**BRIEF**
A faithful copy of the listing below is needed, one that contains no pictures.

**RAW DATA**
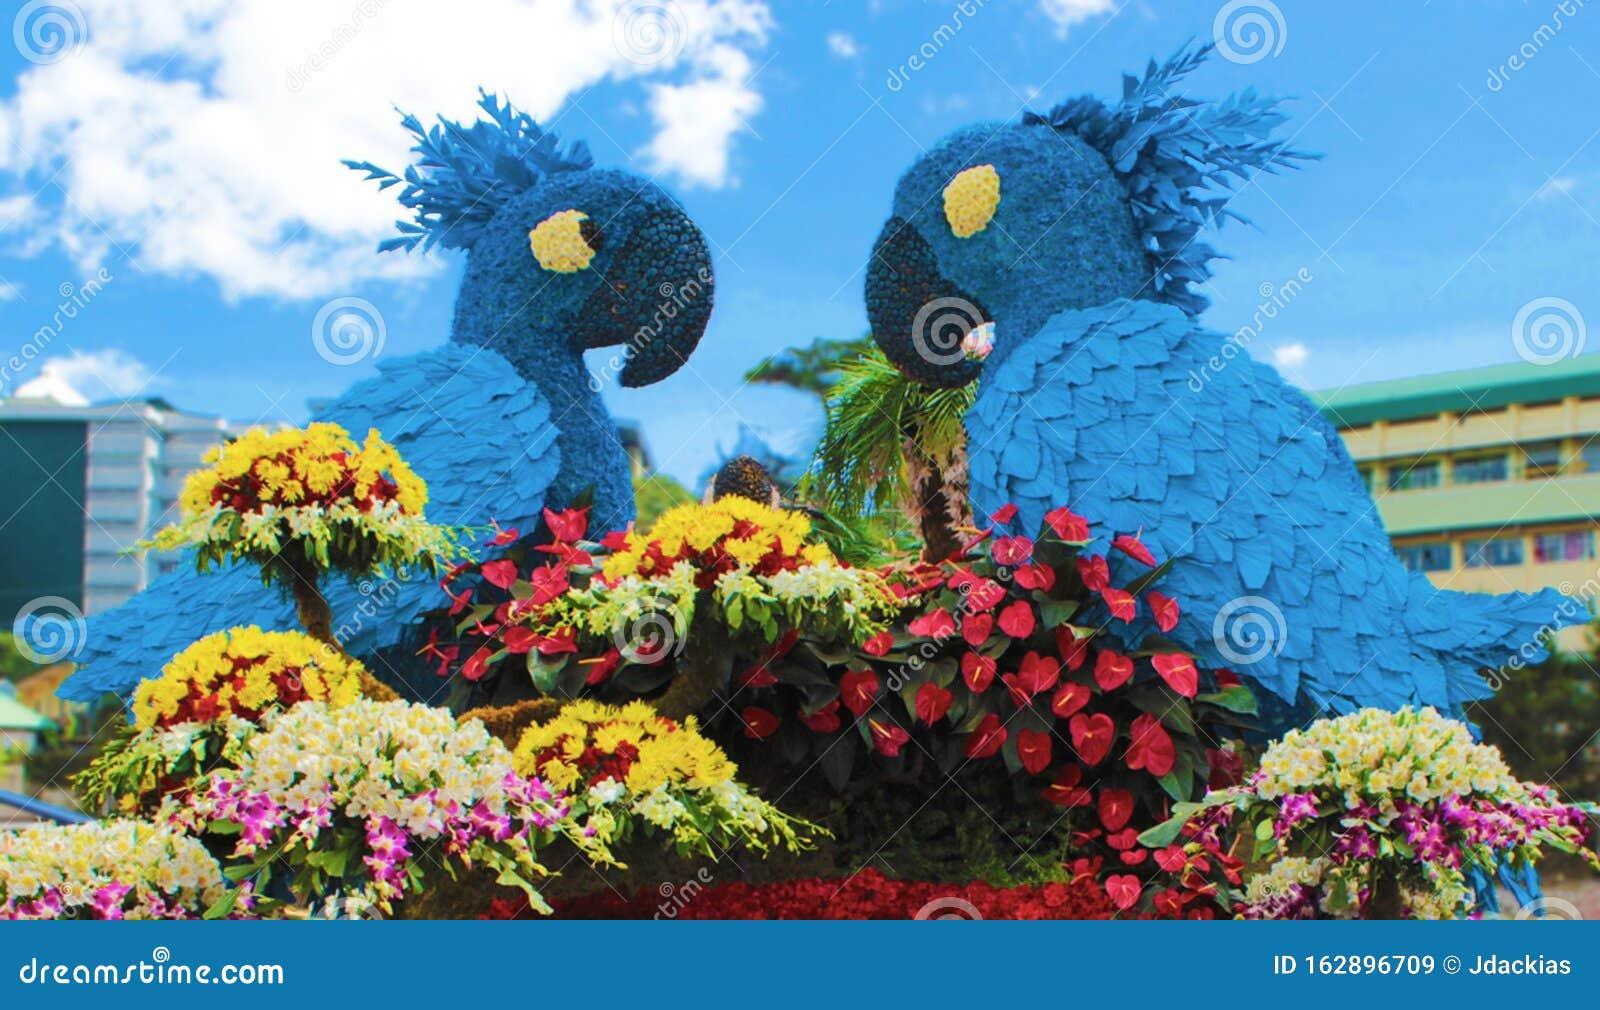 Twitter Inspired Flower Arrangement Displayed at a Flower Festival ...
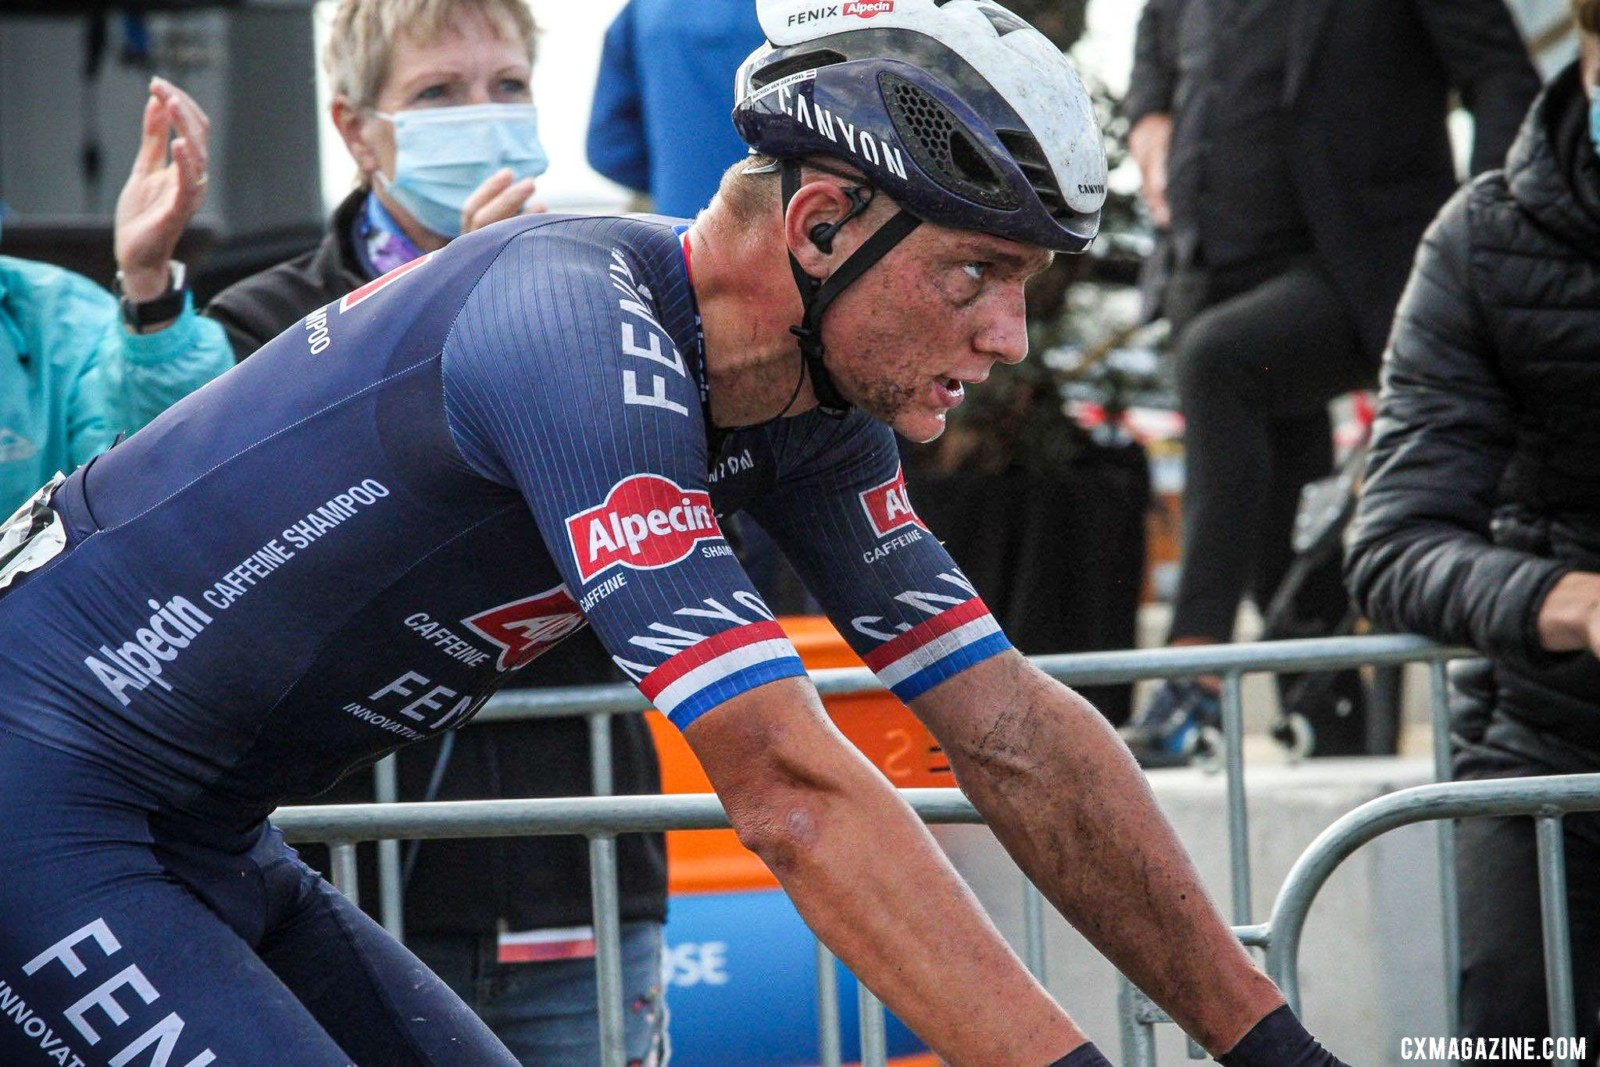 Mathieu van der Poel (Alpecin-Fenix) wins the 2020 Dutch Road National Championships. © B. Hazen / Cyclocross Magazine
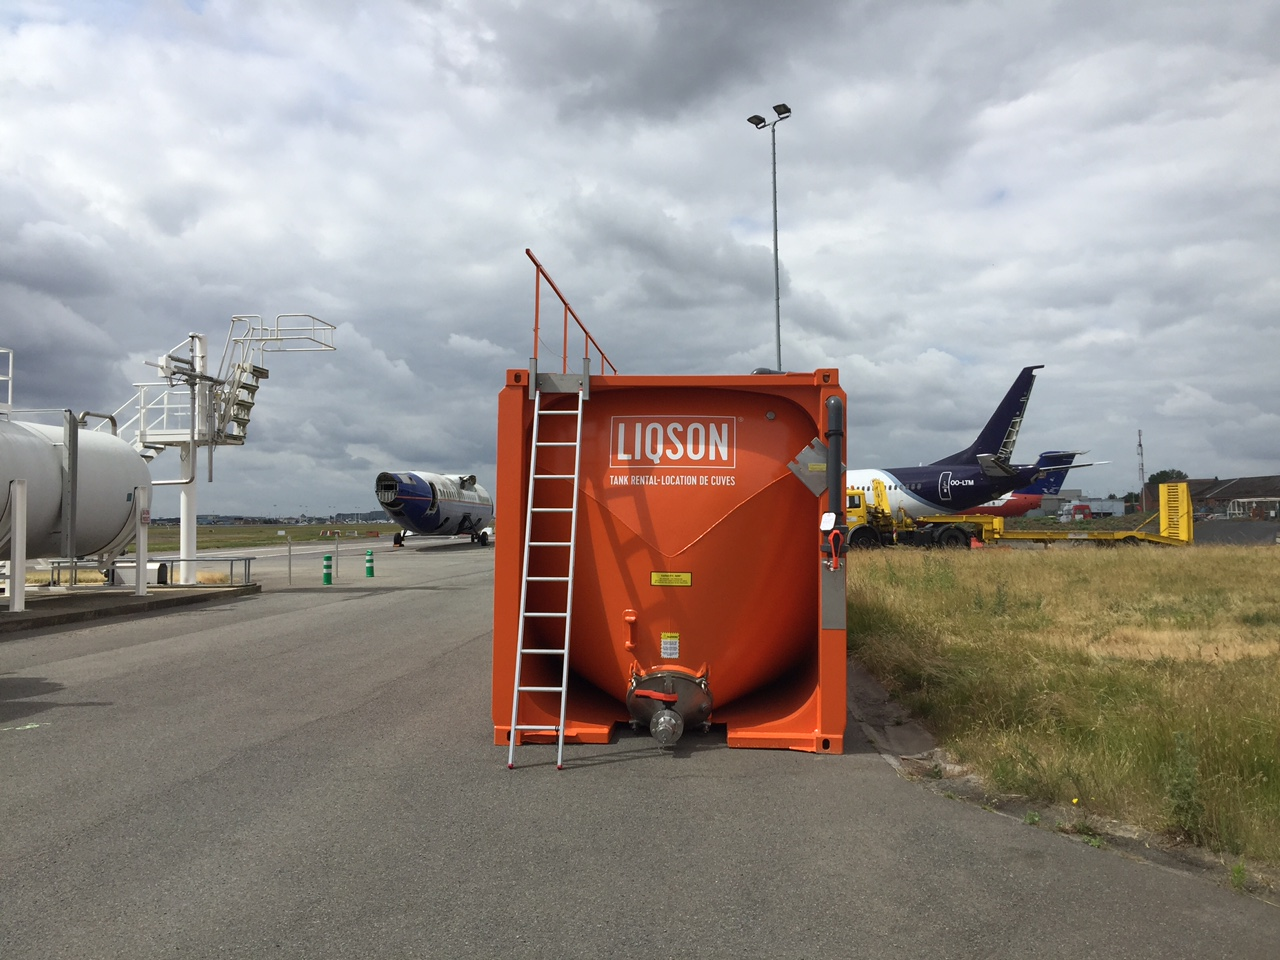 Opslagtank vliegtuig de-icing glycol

**RESULT**
 Twitter Inspired Flower Arrangement Displayed at a Flower Festival ...
 Mathieu van der Poel (Alpecin-Fenix) wins the 2020 Dutch Road National Championships. © B. Hazen / Cyclocross Magazine
 Opslagtank vliegtuig de-icing glycol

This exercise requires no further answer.